And then as we were coming up to the five years - and everybody says five years is the marker - that sounded rather nice, we’re actually getting there, and we were being told, “You’re at the tail of the curve, you’re over the hump, you’re likely to be okay”. And then I could see from a set of results that it obviously wasn’t. Something had shifted. Now I don’t think he, although he recorded all the results himself, I don’t think he thought too closely about what they might mean. And I’d been watching them like a hawk for years and I was fairly clear that we’d run into a problem that was quite likely to be serious. And it was just about when one of the children was about to go abroad for a long time and I was quite glad that he set off before we went for the second check, because I felt if we got the results I thought we would get, that might upset his plans.
And I knew, I could see from the way the blood results were going, absolutely straightforward blood count of all the normal haemoglobin and white and platelets and the rest of it, what’s happening. And from that point of view, the fact that he was perhaps not trying to take on board the other bits of unfinished business that really are part of what this process is about, was something that I didn’t find at all easy. I still don’t, that he wasn’t able to talk about, you know, recognising that he didn’t have much longer to live, that I did, that those things were going to have to be lived with afterwards.

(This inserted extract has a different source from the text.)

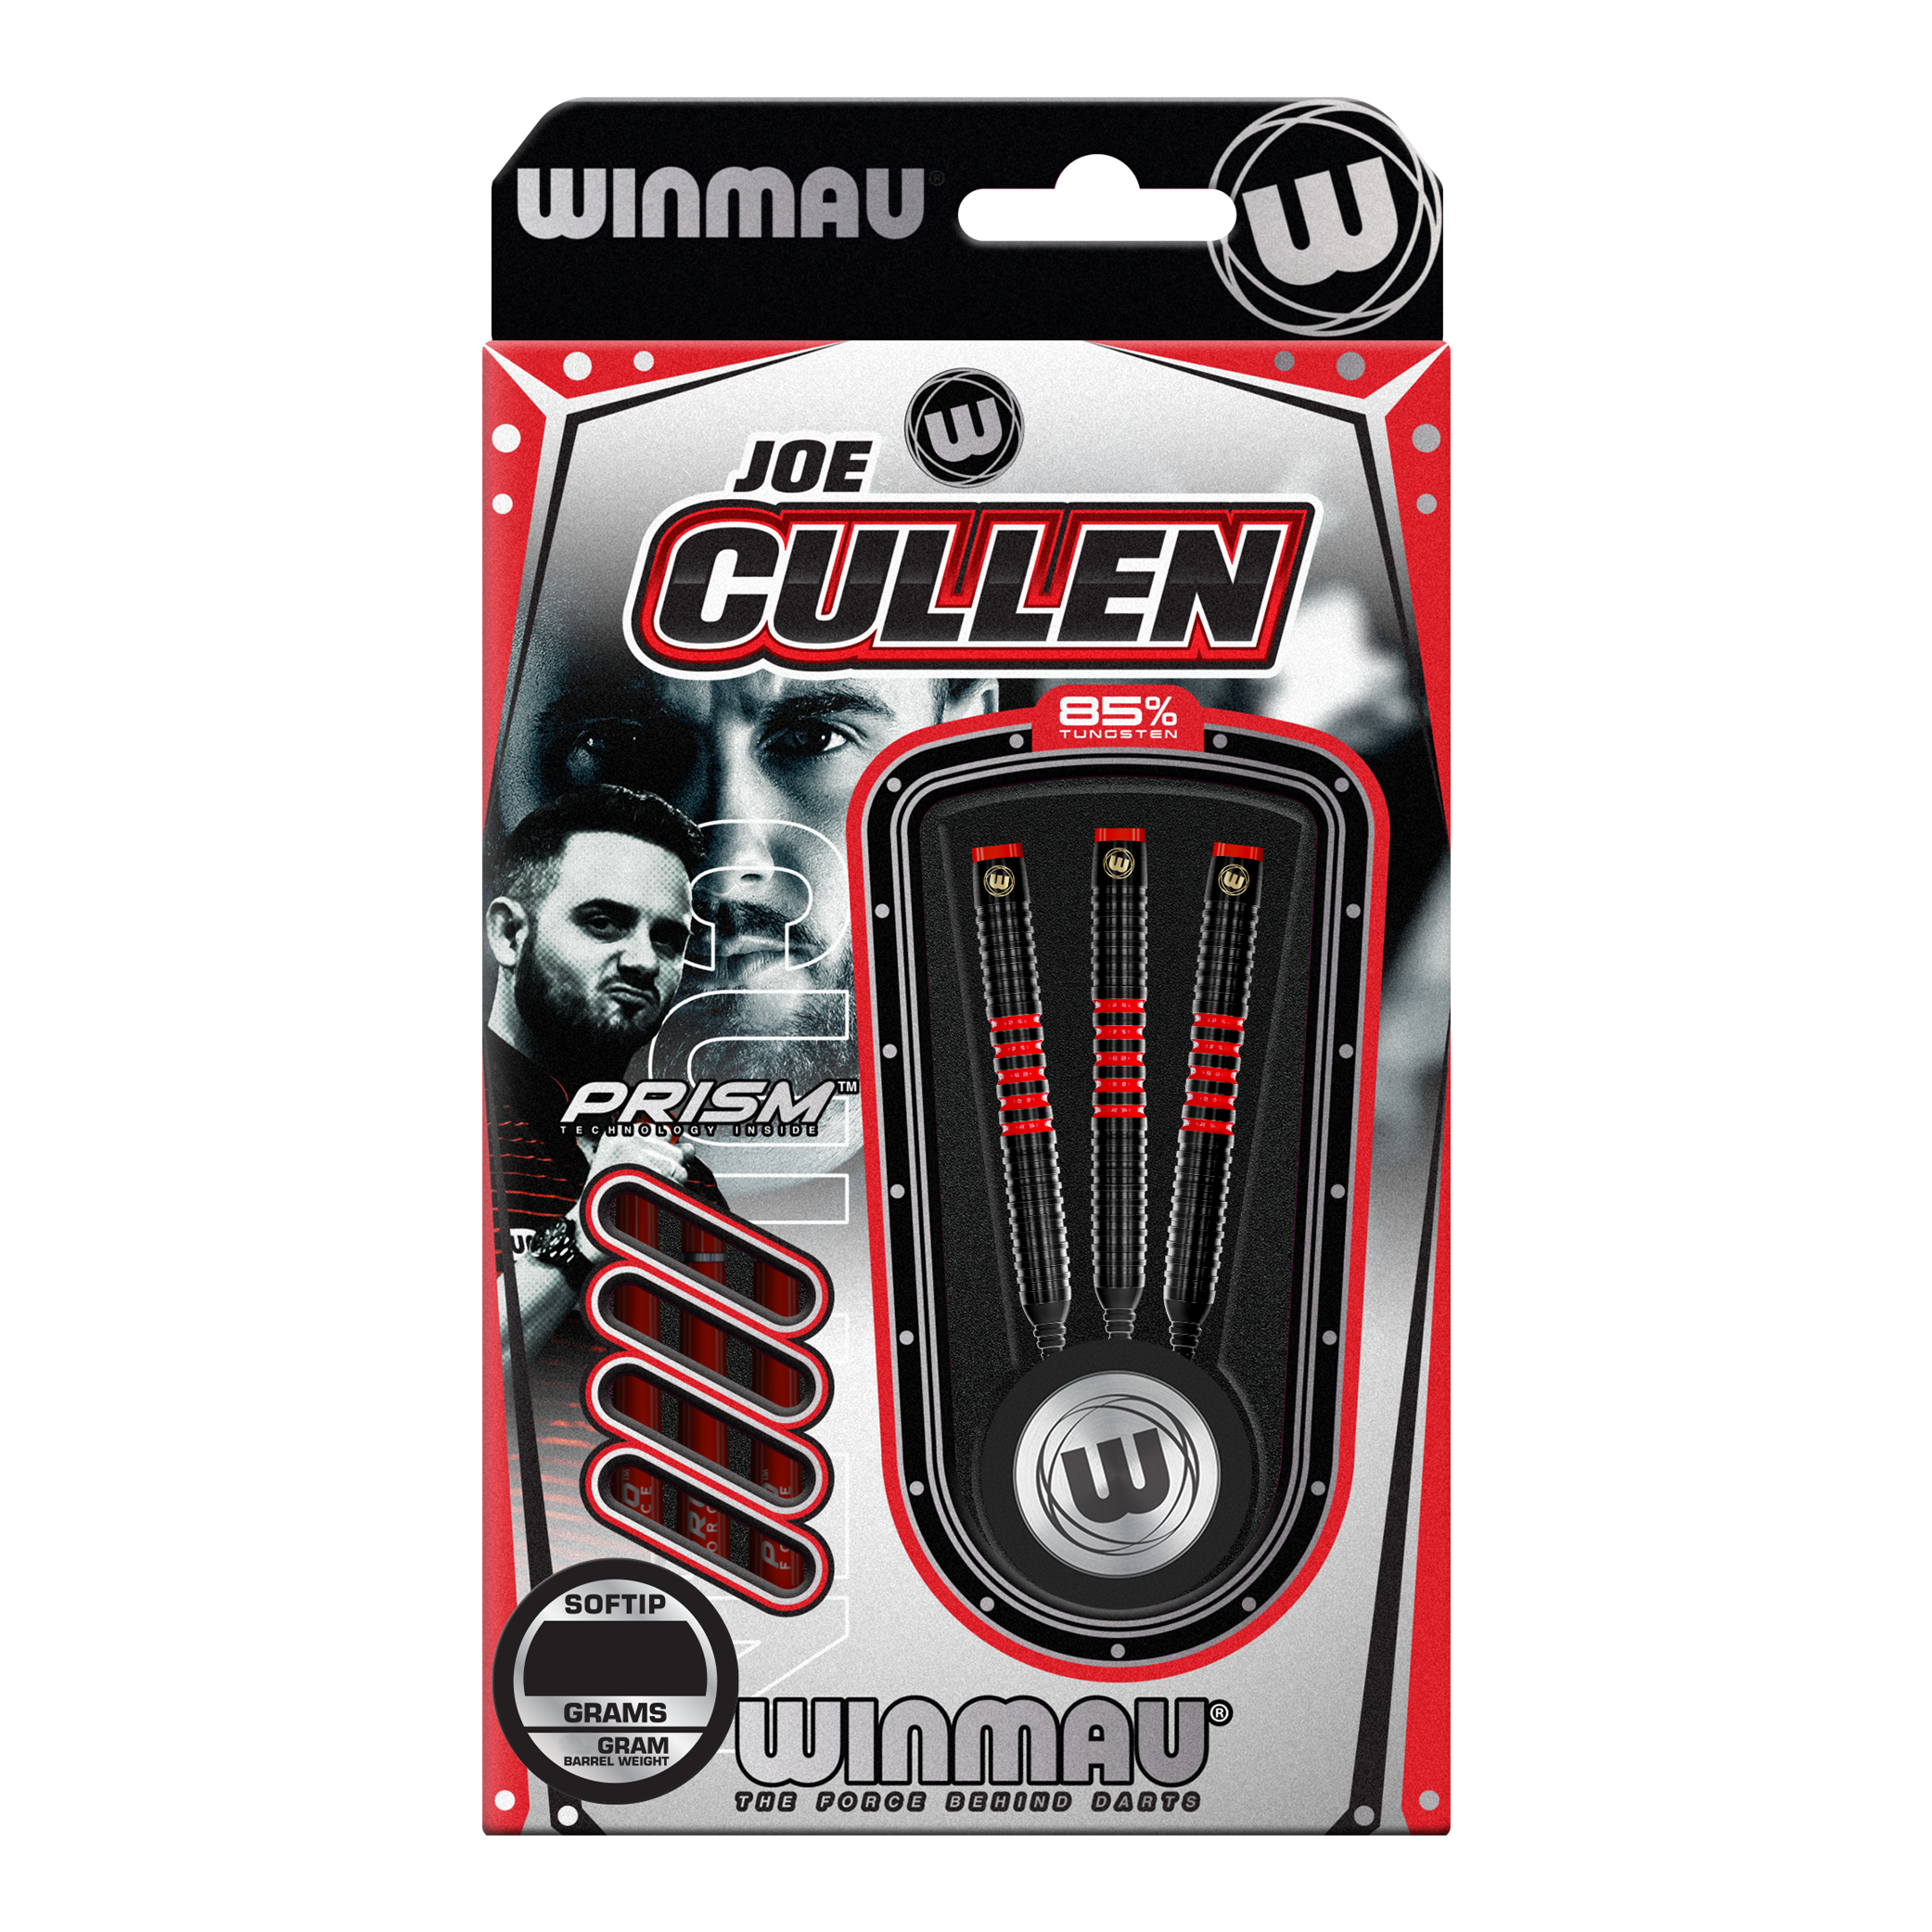 Winmau Joe Cullen 85 Pro-Series zachte darts

He didn’t want to talk about it. I’m sure he knew, but as far as he was concerned that wasn’t the sort of thing that one needs to spend any time on. I mean we’d been through a few pretty serious crises by the end. I mean four or five fairly serious episodes that looked as if they might have been the end of the line anyway. And I think he got fed up with having to confront this and just stopped wanting to deal with it, which I didn’t find at all easy.
But then there was also just all the practical, everyday things. As he gradually got less and less strong we had to start getting off the bicycle into the car, get the disabled permit sorted out, eventually into the wheelchair, those sort of things. And on top of all of that there were the things that I think may be fairly common when you’ve had a lot of chemotherapy, but the whole blood system doesn’t work as well. And I think for him, at least, the results were that there were very small episodes of little strokes which gradually reduced his ability to communicate. So I was about the only person who actually knew what was being said or why. So then he really couldn’t function, couldn’t be trusted to function without someone around at one level. And certainly eventually other people would find it quite difficult to make out what he was actually trying to talk about without a little bit of help.
So all of those things added up to quite a serious set of problems, if you like, of practical issues which, in a way I suppose I just sank myself into dealing with them as best I could, and keeping up a job, admittedly, by then only half time, which I felt was absolutely all I could legitimately charge anyone for.
But that wasn’t necessarily the only sensible thing to have been doing. I mean it would have been perhaps quite sensible to deal with some of the emotional as well as the practical things which haven’t in a sense had a chance to be sort of ironed through because it just was an awful lot of hard work. I mean we had a lot of fun doing things. We went on going to theatres, to dinner with people and so on, really for a very long time, right until the last few weeks. But I mean it was very upsetting to see that, you know, you went to a theatre and, and theatre was one of his most favourite things and gradually he wasn’t really taking in the plot or able to understand quite what was going on or why and was tired, and, you know, it was, it was more a gesture to, “I’m a survivor”, than something that that he was genuinely enjoying.